Evidence executes queries against your BigQuery instance. You should take pragmatic steps to protect your instance against misuse, whether accidental or malicious.

1. [Scope data viewer to specific datasets](#1-scope-data-viewer-to-specific-datasets)
2. [Keep the service account scoped](#2-keep-the-service-account-scoped)
3. [Cap cost per query](#3-cap-cost-per-query)
4. [Audit logs and alerts](#4-audit-logs-and-alerts)

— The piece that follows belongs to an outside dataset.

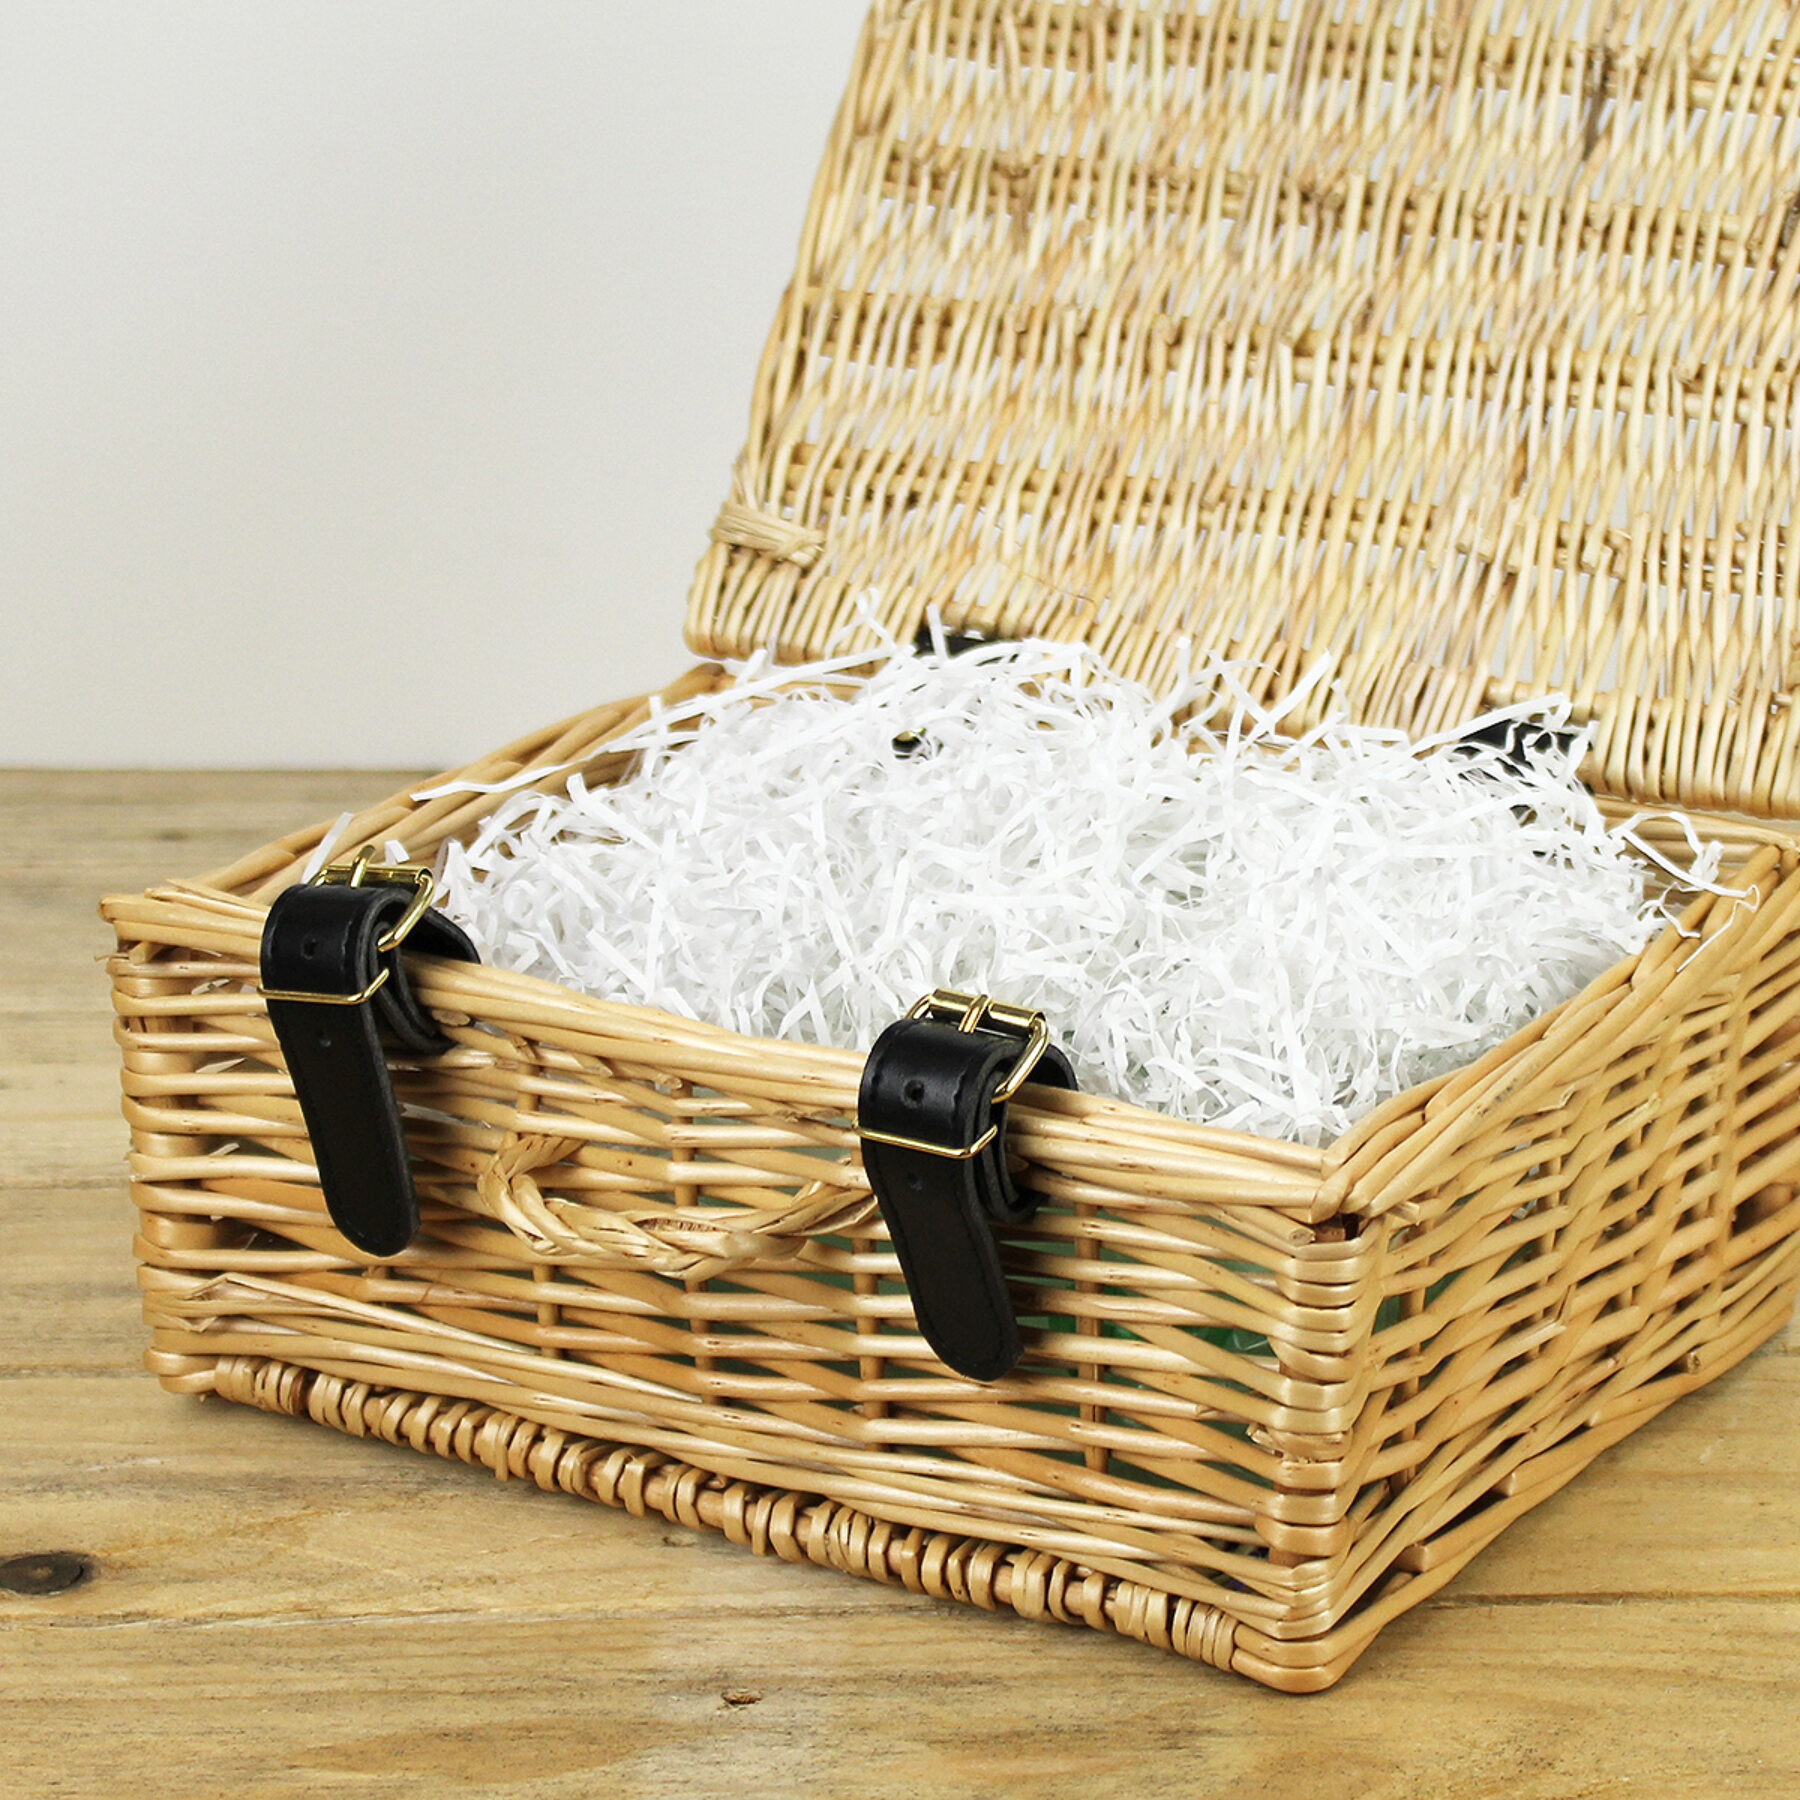 Natural Wicker Hamper Basket - Open with white shredded paper

### 1. Scope data viewer to specific datasets

The setup above grants `bigquery.dataViewer` project-wide, which also gives read access to every other dataset in the project and to `INFORMATION_SCHEMA`. To narrow this, grant `dataViewer` per-dataset instead:

```bash theme={null}
bq add-iam-policy-binding \
  --member="serviceAccount:evidence-bq-primary@<project>.iam.gserviceaccount.com" \
  --role="roles/bigquery.dataViewer" \
  <project>:<dataset>
```

Then remove the project-wide grant:

```bash theme={null}
gcloud projects remove-iam-policy-binding <project> \
  --member="serviceAccount:evidence-bq-primary@<project>.iam.gserviceaccount.com" \
  --role="roles/bigquery.dataViewer"
```

Repeat for each role SA you've set up for RLS.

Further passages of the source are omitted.